The Knee, ISSN: 1873-5800, Vol: 21, Issue: 3, Page: 784-8

Intra-operative and short term outcome of total knee arthroplasty in morbidly obese patients

R. J. Napier; S. O'Brien; D. Bennett; E. Doran; A. Sykes; D. E. Beverland; J. Murray
Knee

Background

Longer operation times, poorer patient outcomes and increased early post-operative complications are reasons cited for not undertaking Total Knee Arthroplasty (TKA) on morbidly obese patients.

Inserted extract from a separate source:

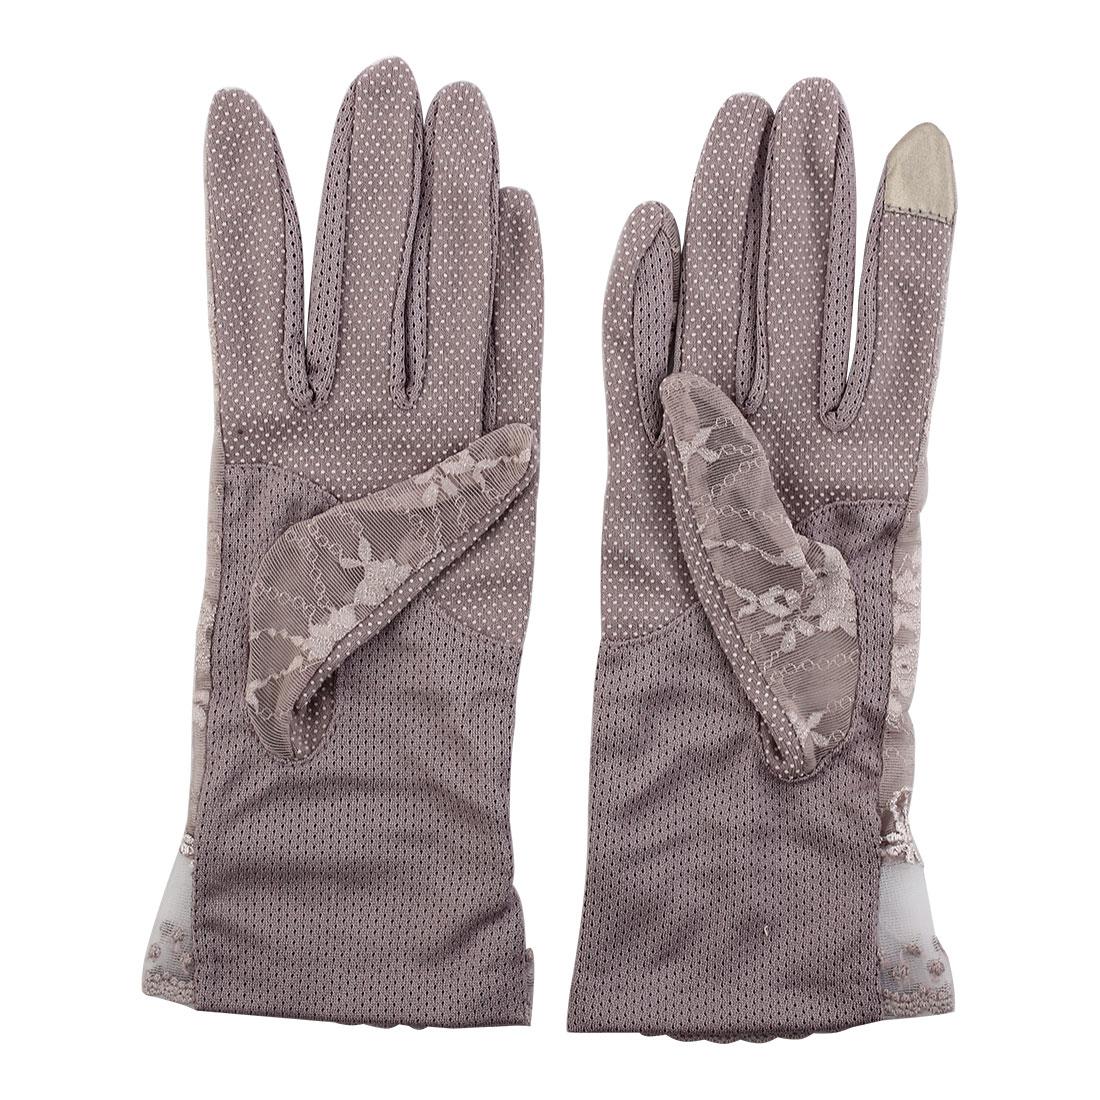 Outdoor Travel Driving Flower Lace Decor Wrist Length Full Finger Sun Resistant Gloves Purple Pair for Women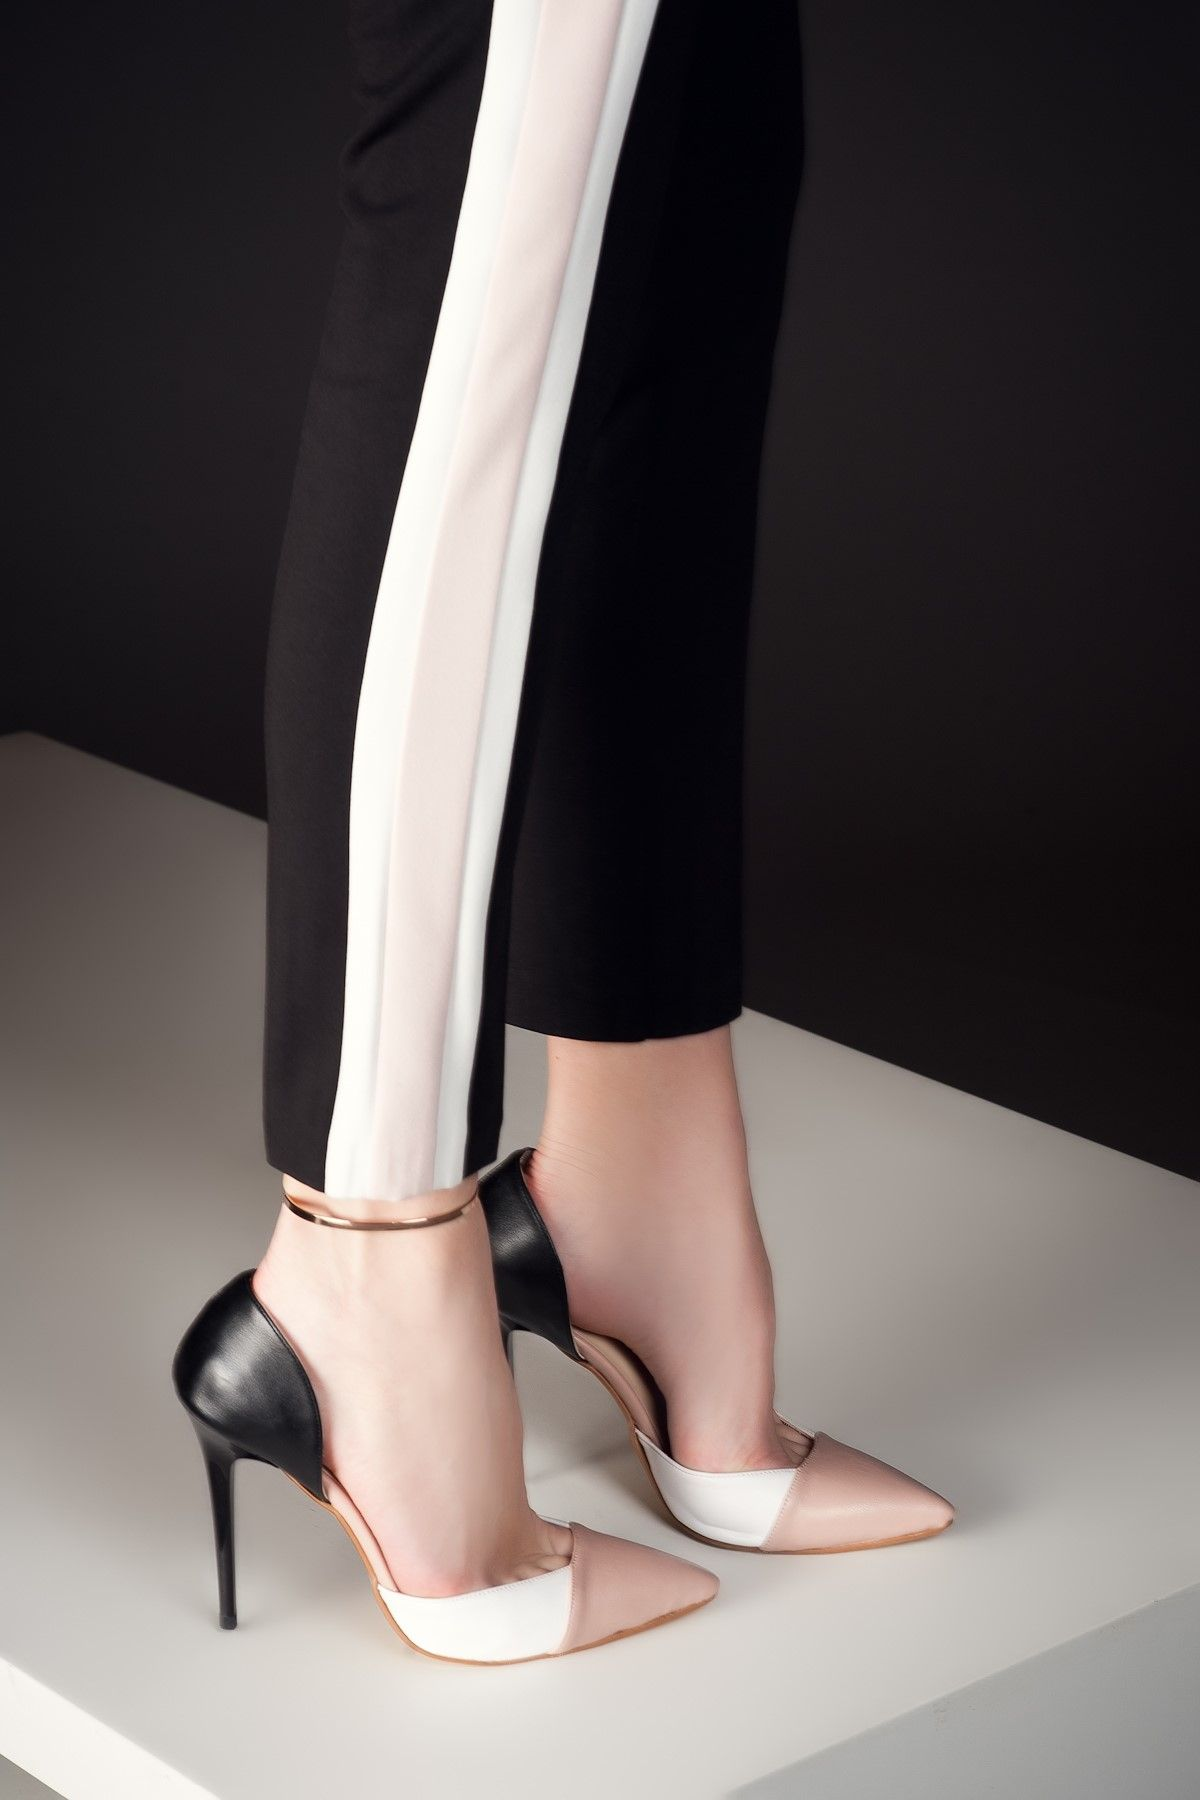 a2ebd4c52ba6 Pudra-Beyaz-Siyah Topuklu Ayakkabı 1633 Milla by trendyol | Trendyol ...

This study tests the hypothesis that there is no difference in intra-operative parameters between morbidly obese and non-obese patients, and no difference in patient outcome.

Methods

Intra-operative parameters, post-operative complications, patient outcomes and knee range of motion were compared between morbidly obese patients (BMI > 40 kg/m 2) and individually age and gender matched non-obese patients (BMI < 30 kg/m 2) undergoing cementless rotating platform TKA.

Results

Anaesthetic times and length of hospital stay were not significantly different between the morbidly obese and non-obese patients. Surgical time was significantly greater in morbidly obese patients. Improvements in patient outcomes following TKA were not significantly different between the morbidly obese and non-obese patients at early and short-term follow-up.

Conclusions

In contrast to previous studies, post-operative complication rates within three months of surgery and up to one year post-operatively were not significantly higher for morbidly obese patients.